### YOUR OBJECTIVE
Write out the data exactly, please, and omit the pictures.

### RECORDED DATA
····················
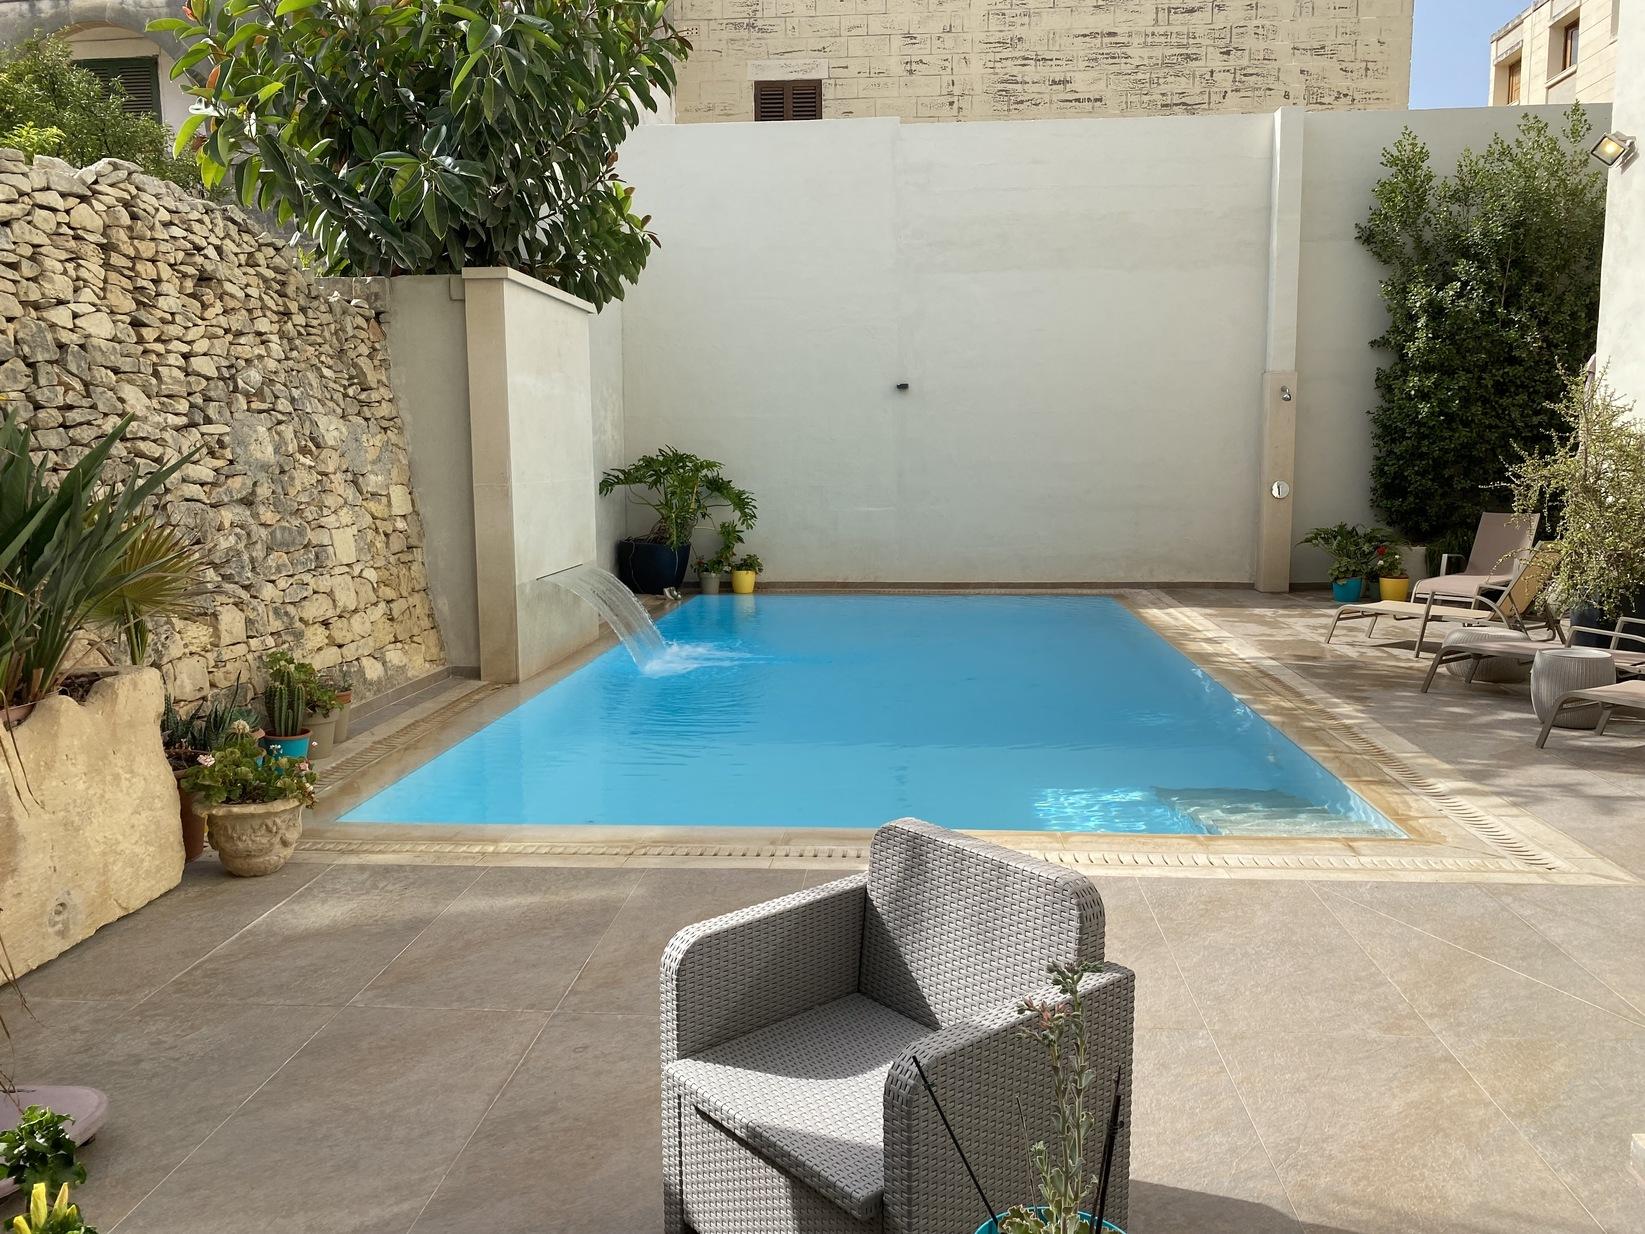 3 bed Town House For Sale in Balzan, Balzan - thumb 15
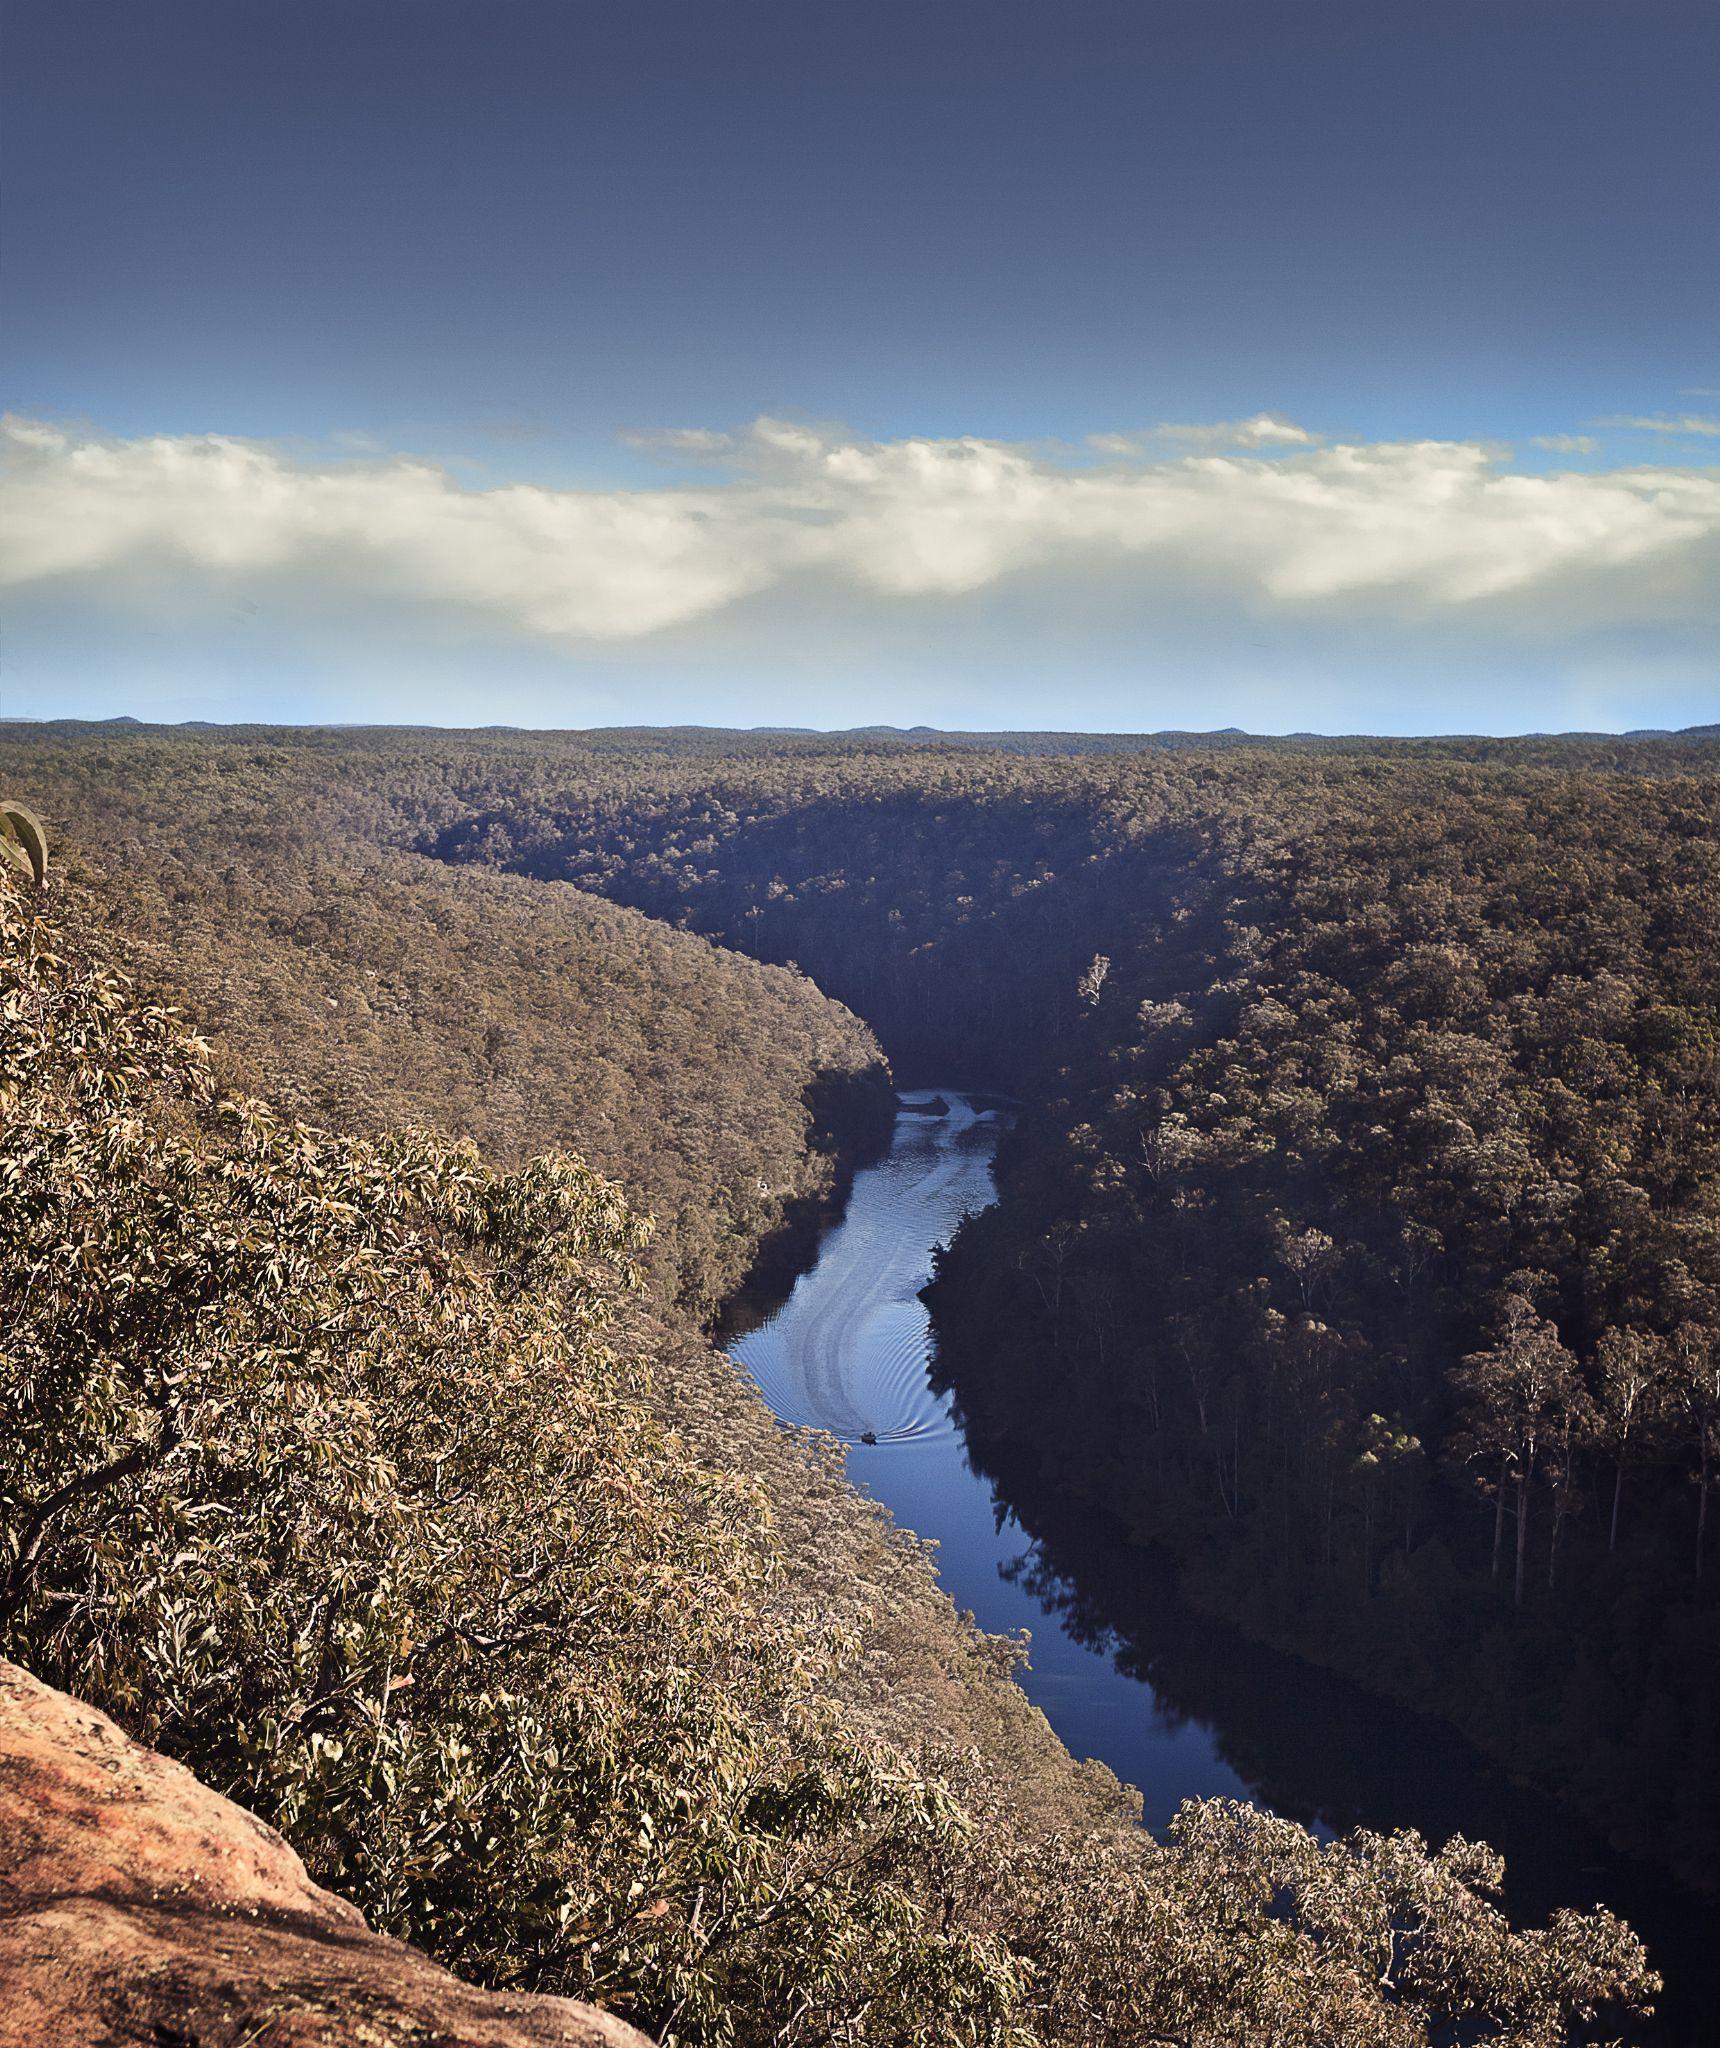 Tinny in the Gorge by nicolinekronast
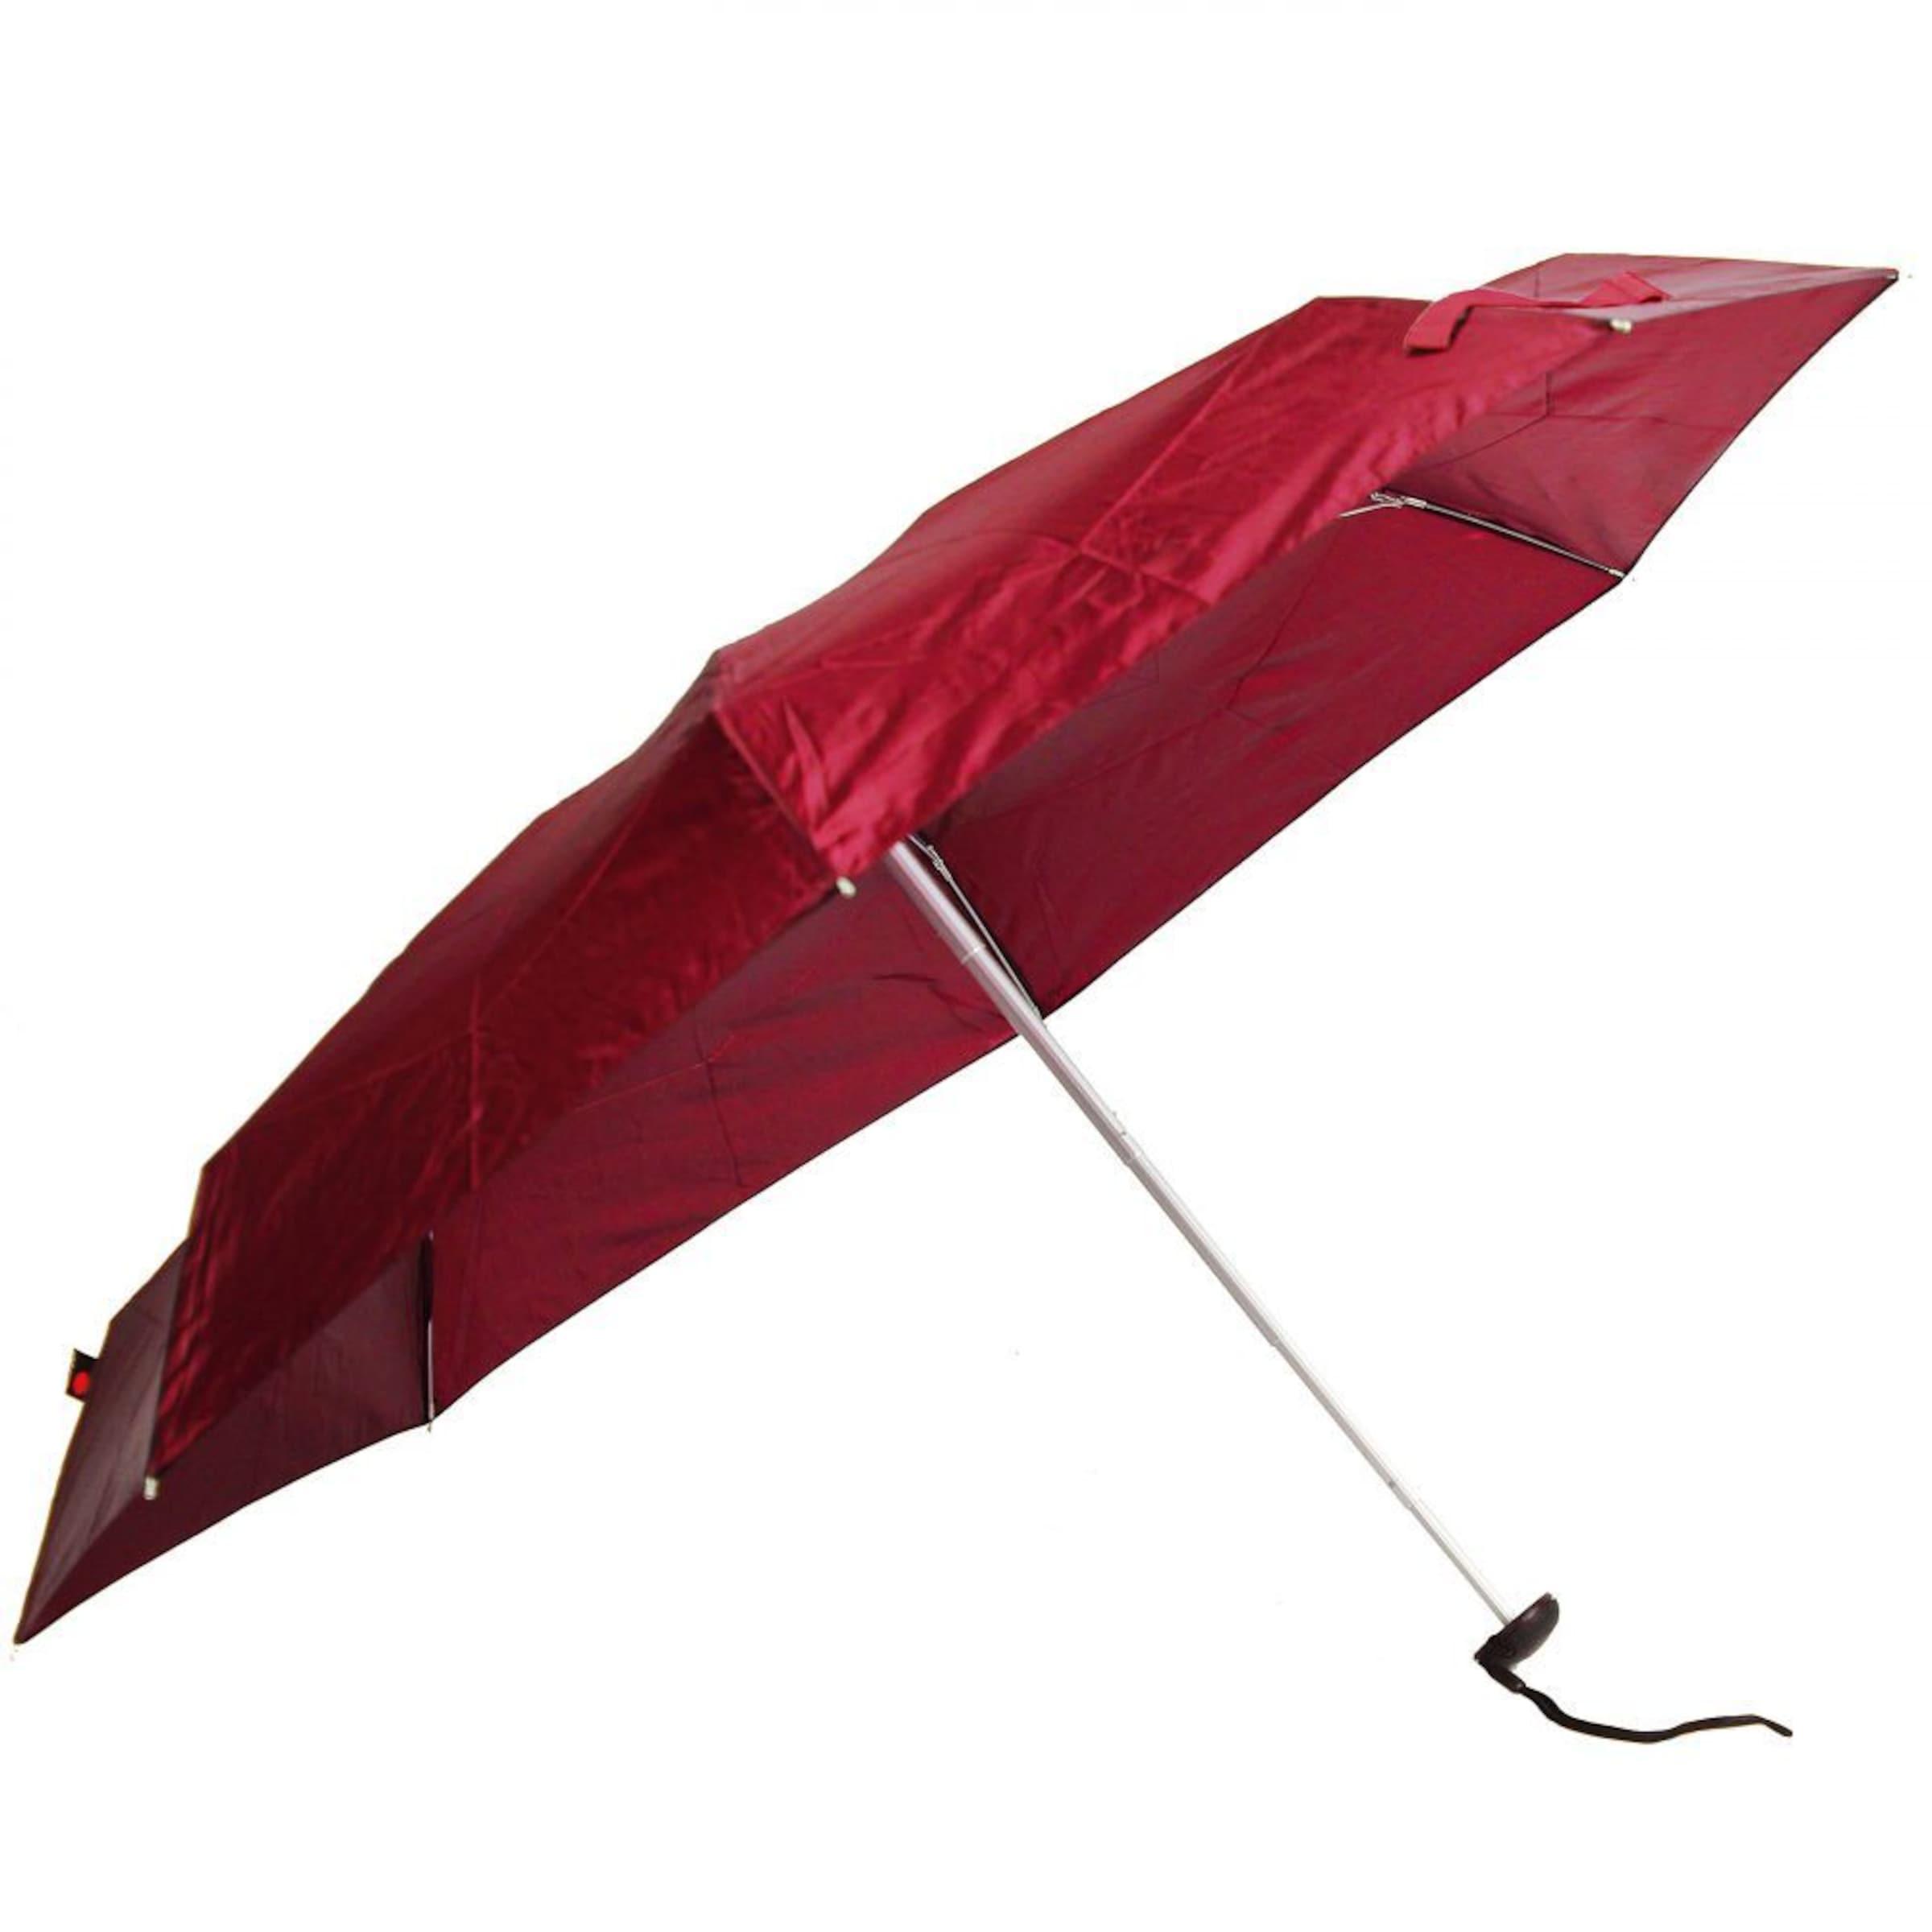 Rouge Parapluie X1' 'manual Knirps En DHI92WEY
····················
### SOLUTION TO THE PROBLEM
 3 bed Town House For Sale in Balzan, Balzan - thumb 15
 Tinny in the Gorge by nicolinekronast
 Rouge Parapluie X1' 'manual Knirps En DHI92WEY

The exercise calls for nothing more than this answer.